Actualité sportive en auvergne



Photo © Jérémie FULLERINGER

Giorgi Tsutskiridze (Stade Aurillacois) : « Les choses sont claires pour tous, en Géorgie la situation est la même »

Face au confinement et à la nécessité de transmettre les consignes sanitaires auquel la France entière doit faire face, les clubs professionnels s'adaptent aussi, dont le Stade Aurillacois.

Il n'y a guère de différence entre le quotidien des Français en cette période de confinement liée à la pandémie de coronavirus et celui des clubs de sports professionnels. Le confinement est la règle, avec les règles sanitaires à transmettre et à faire respecter.

Avec une petite particularité : parmi les salariés des clubs pros figurent des joueurs étrangers, avec la contrainte de devoir s'adapter à la barrière de la langue. Mais l'ampleur mondiale de l'épidémie se charge de faire comprendre à chacun la nécessité du respect des règles.

Un groupe concerné et consciencieux

« Les joueurs étrangers ont accès aux chaînes étrangères, dont Sky », rappelle Walter Olombel, responsable du centre de formation du Stade Aurillacois. Et avec ces informations, le rappel des précautions à prendre pour lutter contre la propagation du virus.

« Avec les moyens modernes, ils sont tous au courant de ce qu'ils ont à faire », poursuit Walter Olombel, alors que le club a transmis au joueurs les attestations nécessaires dans les groupes de discussion à l'intention du groupe. Avec aussi une communication régulière, notamment auprès des jeunes, qui trouve un écho compréhensif. 

"On a bien expliqué et transmis le message, en disant que c'était super important. Il n'y a pas de souci sur la discipline. Les jeunes écoutent et font ce qu'on leur dit."

Levan Datunashvili (Entraîneur des Espoirs d'Aurillac)

Une partie du groupe espoirs, toutefois, n'est pas présent dans le Cantal. Le confinement étant intervenu, selon les pays, à des périodes diverses, alors que les compéitions étaient d'ores et déjà suspendues en France. 

Les jeunes qui étaient partis en sélection avec les Pays-Bas sont pour leur part resté sur place, du fait de l'absence de vol, tandis que plusieurs jeunes Géorgiens qui avaient regagné le pays avant le confinement sont pour leur part placés en quarantaine dans un hôtel, au pays, en raison des dispositions gourvernementales prises dans le Caucase.

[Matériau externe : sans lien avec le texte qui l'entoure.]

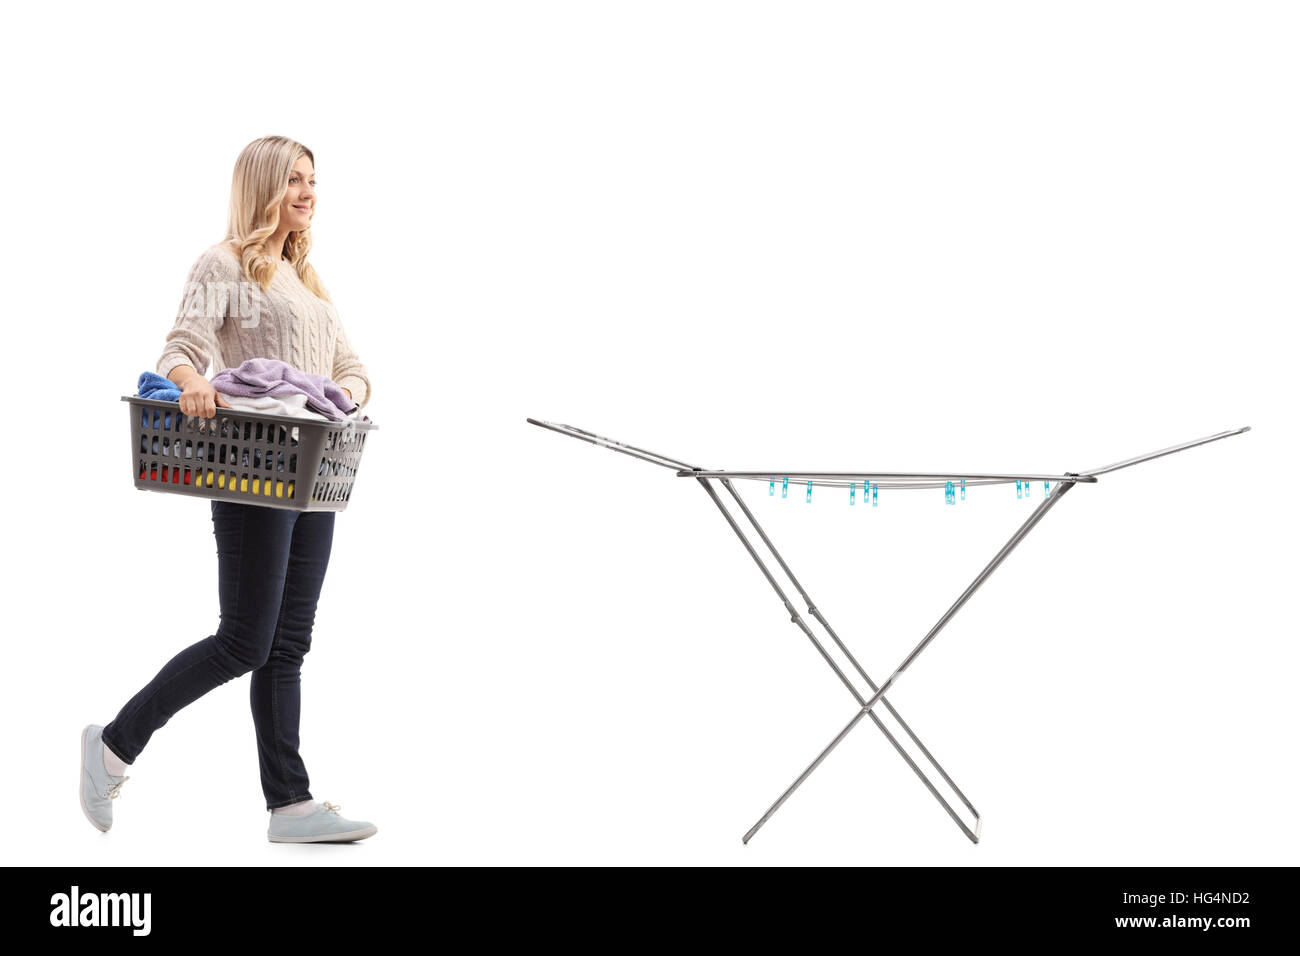 Full length portrait of a woman holding a laundry basket full of clothes and walking towards a clothing rack dryer isolated on white background Stock Photo

Des infos relayées par le club et entre joueurs étrangers

Mais là-bas comme ailleurs, la situation est assez claire pour tout le monde, comme le relève Giorgi Tsutkiridze. Le 3e ligne international se trouvait il y a encore une semaine au pays, où il devait disputer un match international. Il a dû, comme son partenaire de club Beka Saginadze, anticiper son retour, en passant par l'Allemagne pour s'adapter à la fermeture des frontières ukrainiennes.

Rentré en France samedi 14 au lieu du lundi 16, il vit son confinement à Aurillac, et sert aussi de relais pour ses compatriotes moins à l'aise avec la langue française.

« Oui, j'ai eu des demandes, je traduis. Après l'intervention du président Macron lundi, pour ce qui est des détails, j'ai réexpliqué pour l'attestation qu'il fallait bien cocher, signer, sinon il y avait des amendes. J'ai envoyé aussi des liens  pour imprimer les feuilles, même si on avait déjà eu une communication du Stade et  une discussion, notamment avec Mathieu (Lescure, entraîneur adjoint, ndlr) ».

Pas besoin pour autant de faire des excès de pédagogie auprès de partenaires qui ont saisi l'ampleur de la situation.

« Les mesures avait été prises plus rapidement en Géorgie »

« Les choses sont très claires pour tous, parce que même pour nos familles, la situation est la même. Le message passe très vite et c'est appliqué. En Géorgie aussi il y a le confinement. Là-bas, même, les mesures avaient été prises plus rapidement qu'ici. Alors on s'attendait à le vivre aussi en France. Les gars étaient préparés », ajoute l'international géorgien.

Le club se charge donc, avec des groupes "par secteur" de transmettre les informations, en s'apuyant aussi sur l'entourage des joueurs qui a un rôle à jouer. « Il y a le syndicat des joueurs, et aussi leurs agents », rappelle Walter Olombel. C'est davantage sur l'aspect "convivial" que le club doit insister, pour garder le contact, rassurer les jeunes, notamment. Une mission qui revient au staff sportif.

« Finalement, le moral est bon »

« Ca devient très vite ennuyeux de rester à la maison, surtout quand on est habitué à être dehors. Mais il faut voir les choses de manière positive. On a plus le temps pour appeler les amis, on dort bien, on recharge les batteries. Finalement, le moral est bon », observe Giorgi Tsutskiridze.